Стайн с ходу доказал свою полезность, настаивая, чтобы Мэрилин перебралась на постоянное жительство в штат Коннектикут (где предприниматели не уплачивали в то время подоходный налог, что давало дополнительные финансовые выгоды). В соответствии с указанной рекомендацией Мэрилин в конце января обратилась к властям штата с просьбой о выдаче ей водительского удостоверения и о внесении в тамошние избирательные списки. Стайн понял, что столь же важно продолжение связи между Мэрилин и Ди Маджио, который во время рождественских праздников навестил актрису в Нью-Йорке — фактически провел у нее в отеле по меньшей мере одну ночь.

Ирвинг Стайн оценивал указанный контакт со стратегической точки зрения: он мог принести всему предприятию или добавочные хлопоты, или выгоды — просто потому, что Мэрилин в эмоциональном плане еще не освободилась от Джо, и это прямо-таки бросалось в глаза. «Последствия происходящего могут оказаться для нас роковыми, — зафиксировал Стайн в дневнике компании 27 января, — поскольку Джо все сильнее настаивает на возвращении Мэрилин в Калифорнию». А через несколько дней многозначительно добавил: «Надо вынудить Джо Ди Маджио провести разговор с Франклином [Делани]. Милтон и Мэрилин поссорились в машине, возвращаясь из Коннектикута]. Нам обязательно нужно познакомиться с Ди Маджио!» Из записей Стайна, сделанных 2 февраля, вытекает факт его обращения к Делани по поводу того, что было бы правильно передавать Мэрилин разные известия о «Фоксе» «только тогда, когда Ди Маджио находится в городе».

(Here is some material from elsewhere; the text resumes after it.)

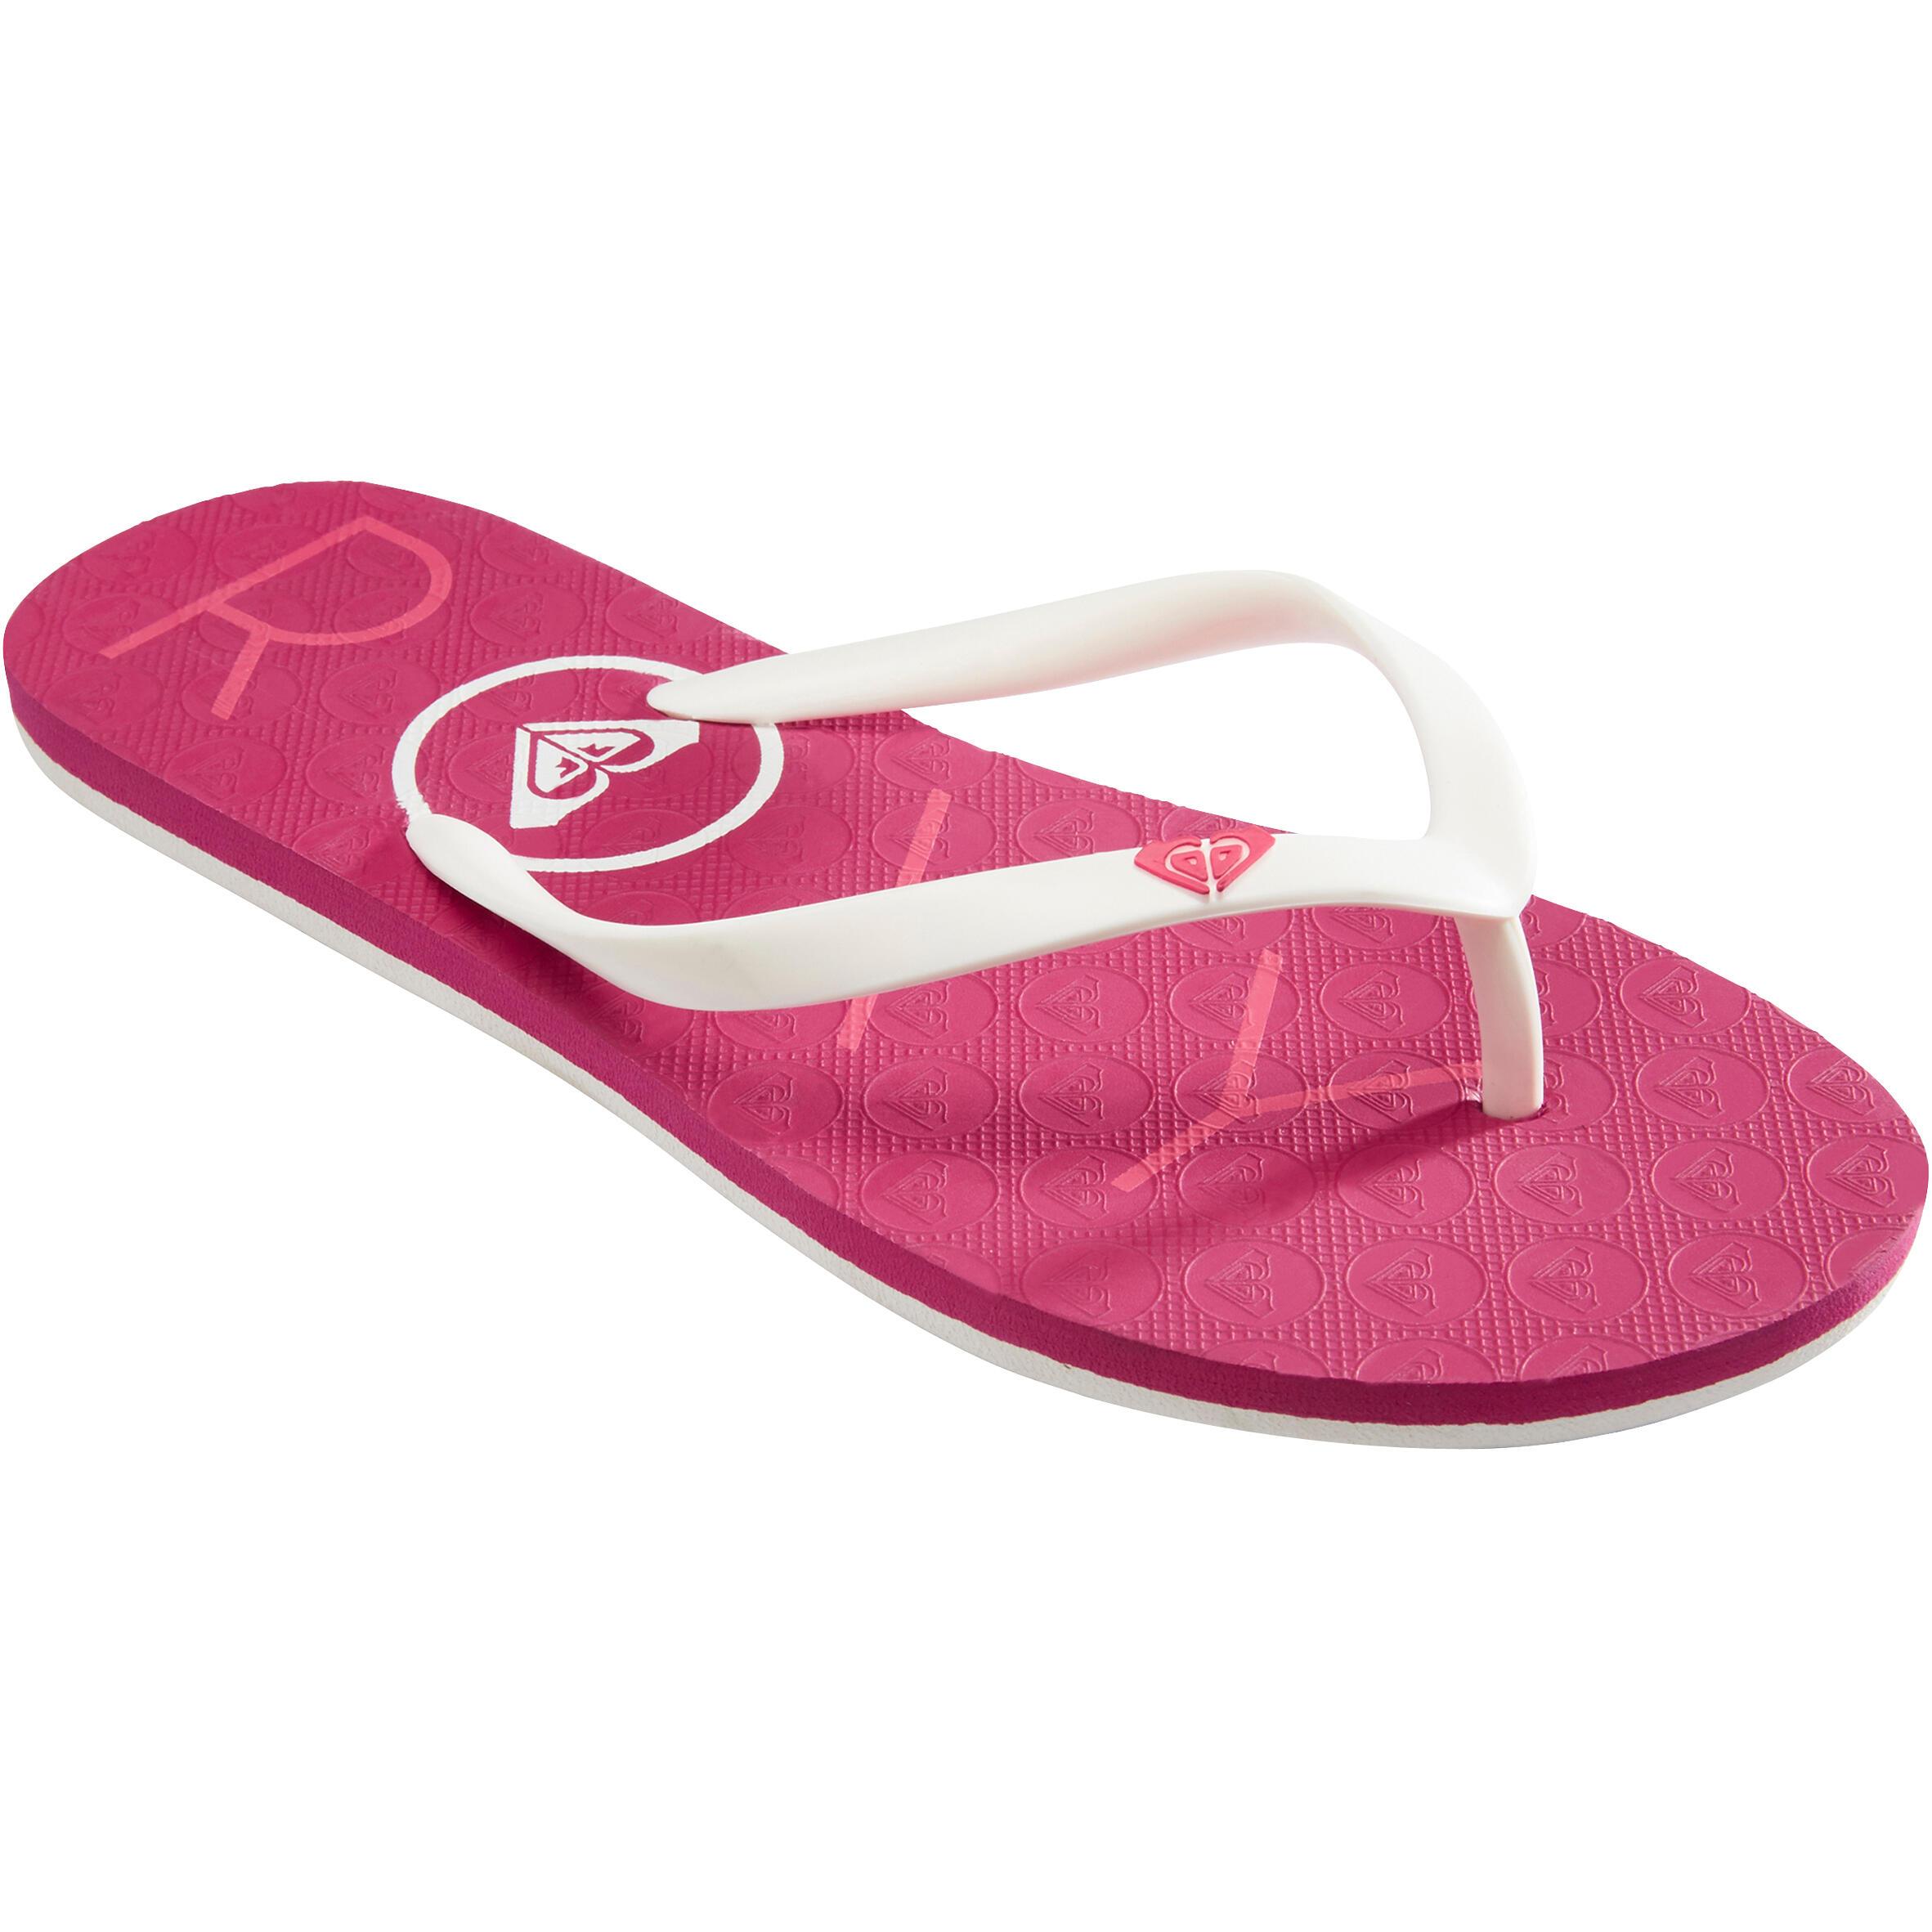 Roxy sportslippers voor dames Sea roze

Это не составляло никакого труда, потому что куда бы ни направлялась Мэрилин, Джо всенепременно устремлялся за ней. Когда она вместе с Милтоном поехала в Бостон, чтобы посетить потенциального спонсора ММП, Джо нежданно-негаданно свалился на них в отеле, так что актрисе пришлось покинуть Милтона и провести пять дней с бывшим супругом в Уэлсли, штат Массачусетс, в доме его брата Доминика. Вся пресса кипела от слухов и сплетен о возобновившейся супружеской любви.

— Это примирение? — спросил журналист, прерывая их обед в одном из ресторанов Бостона.

— Как ты думаешь, дорогая? — сладким голосом переспросил в свою очередь Джо, обращаясь к экс-жене.

Мэрилин на мгновение заколебалась.

— Нет. Скажем, что это просто посещение.

Человек по имени Генри Розенфелд, встретиться с которым отправились Милтон и Мэрилин, был богатым производителем одежды, ньюйоркцем, который в этом месяце надолго прибыл по делам в Бостон. Он начал там выпуск недорогой одежды для женщин — недорогой, но обладающей почти таким же неброским шиком, какой присущ нарядам, демонстрируемым на подиумах модельерами высокой моды. Его скромные, обычно похожие на рубашки платья, продававшиеся по цене от восьми до десяти долларов, пользовались одинаковым успехом среди конторских служащих, актрис и дам из общества; до 1955 года годовой оборот фирмы вырос до восьмидесяти миллионов долларов. Розенфелд, которого называли Кристианом Диором Бронкса, проявлял интерес к широкому кругу деятельности, и Милтон лелеял надежду, что в этот круг попадет и кинопроизводство. В целом этот расчет оказался неверным, и попытка не удалась, но на протяжении нескольких ближайших месяцев Розенфелд передавал небольшие суммы на текущие расходы ММП, и разошлись слухи (которые сегодня невозможно ни подтвердить, ни опровергнуть), что Мэрилин воспользовалась своими прелестями, дабы убедить фабриканта в серьезном характере всего, что предпринимала ее кинокомпания.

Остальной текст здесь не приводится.